Abbey Road Red: 10 Trends for 2021 Red Talk - Immersive Audio and High Tech Hearables

6th July 2021

In our second blog post covering our 10 to watch in 2021 Red Talk, we would like to highlight our first featured trend and speaker. The trend was immersive audio and high tech hearables and our featured speaker was Dr. Poppy Crum, Chief Scientist at Dolby Laboratories and a leading light in the area of spatial audio and hearable hardware technology.

In the run-up to the event, we enjoyed getting to know Poppy and her key areas of interest for the talk, which we cover below.

 

The context we set was that immersive audio is firmly making its way into the mainstream arena in various ways from gaming experiences driven by more powerful hardware to hearables with head tracking and directional audio like Apple's AirPods Pro and Max; smart devices with multi-directional speakers like Amazon's Echo Studio; affordable Dolby Atmos soundbars; content being mixed in spatial audio formats like Atmos and made available to these devices; and more.

Coupled with this, advances in processing power, cloud computation, and hardware miniaturisation mean that our hearable hardware from buds to over-ears is becoming smarter and capable of increased personalisation, head tracking, and spatial audio reproduction. Whereas immersive audio used to be a niche content experience it is becoming widely accessible and affordable.

This was all before Apple announced its launch of spatial audio via Dolby Atmos in Apple Music, a huge step forward into the immersive mainstream. We threw this into the melting pot with Poppy.

 
 

What are technologies you feel will make an impact this year and next in the hearables and immersive audio space?

Technologies that enable deep personalisation. There are two layers to technology driving this personalisation. The first is Empathetic technology, something that's listening to the body and its context, for example, temperature, background noise level or movement sensors and then using that context to drive experience and utility. For example, adaptive music which responds to movement, or automatic noise suppression which suppresses background noise and enhances voices when people are talking in loud environments.

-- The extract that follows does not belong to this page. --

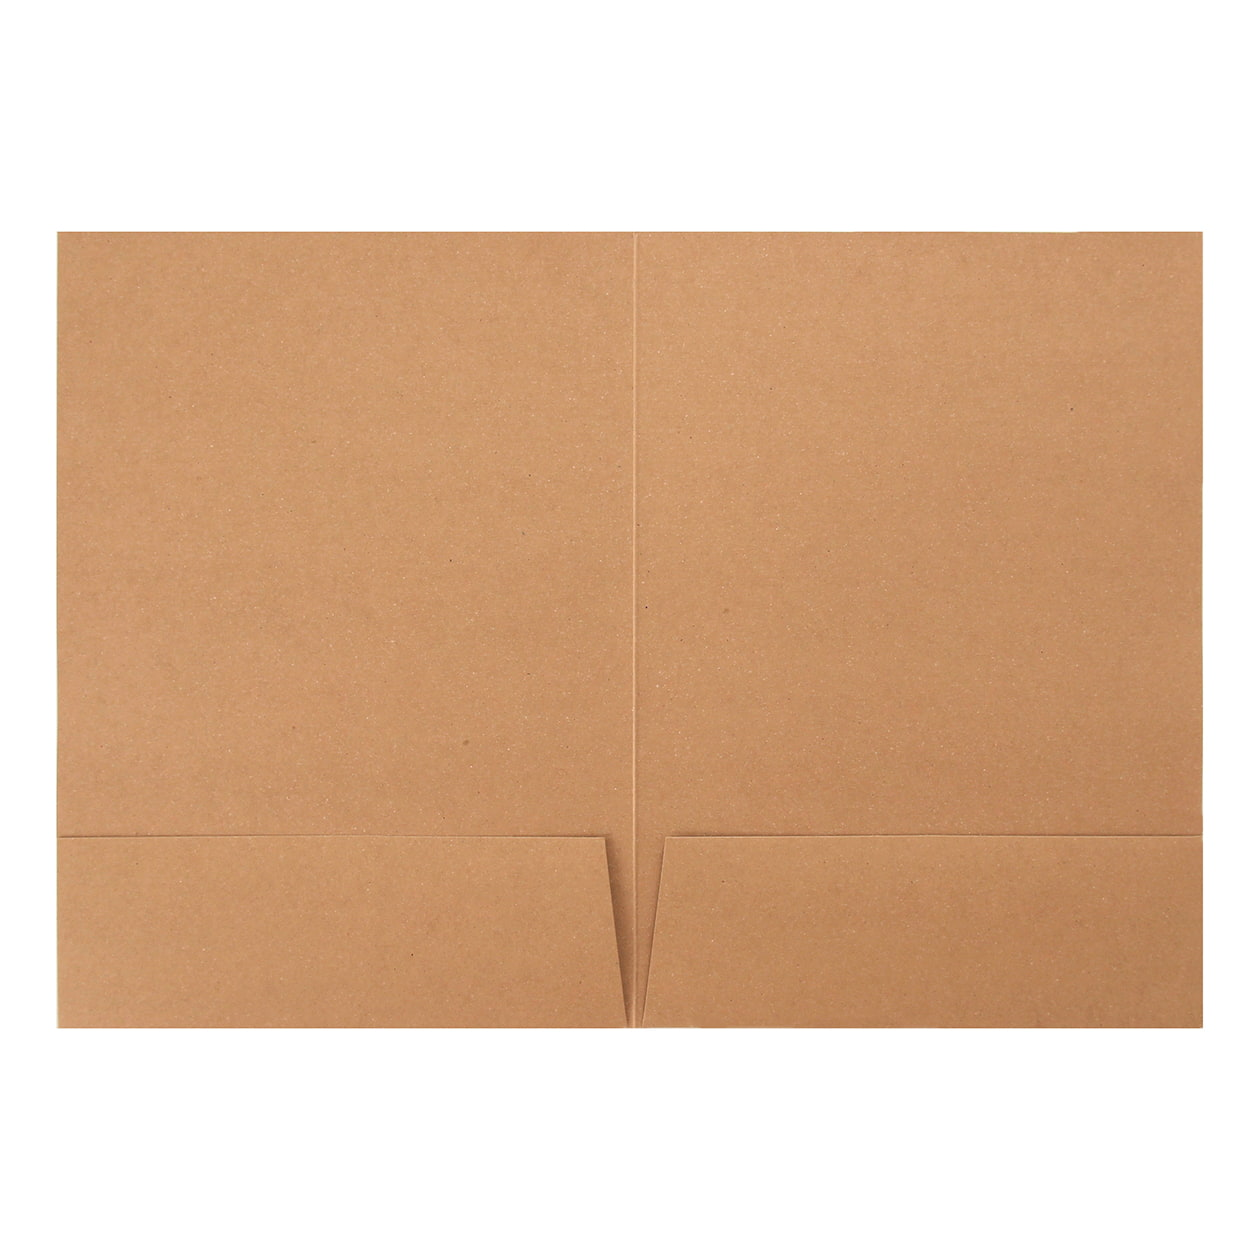 A4フォルダー 2ポケット ボード紙 ブラウン 270g

The second is the Personalised Head Related Transfer Function or P-HRTF. The HRTF is a mathematical measurement that describes how ambient sound of different frequencies interacts with a listener’s physical body - specifically the contours and shapes of a listener’s head, ears, and torso.

We each have our own bespoke HRTF where our brain has grown accustomed to the unique shapings of amplifications and attenuations across the frequency spectrum. Use of an HRTF is critical for creating an experience of spatial audio. However, to date, most spatial audio algorithms make use of a single exemplar HRTF for everyone’s experience. This is a great limitation when you consider that the reason spatial audio algorithms include an HRTF is specifically to depict to a listener’s brain how sound interacts with the individual human body, and we all come in different shapes and sizes – one size doesn’t fit all.

Inclusion of an HRTF is a critical stage and filter in helping trick the brain into experiencing the perception of sound as being all around us as it would have been in the 3-dimensional natural world, and a one-size-fits all approach doesn’t work when our brain has a lifetime of data to tell it otherwise. We are collectively very sensitive to these differences.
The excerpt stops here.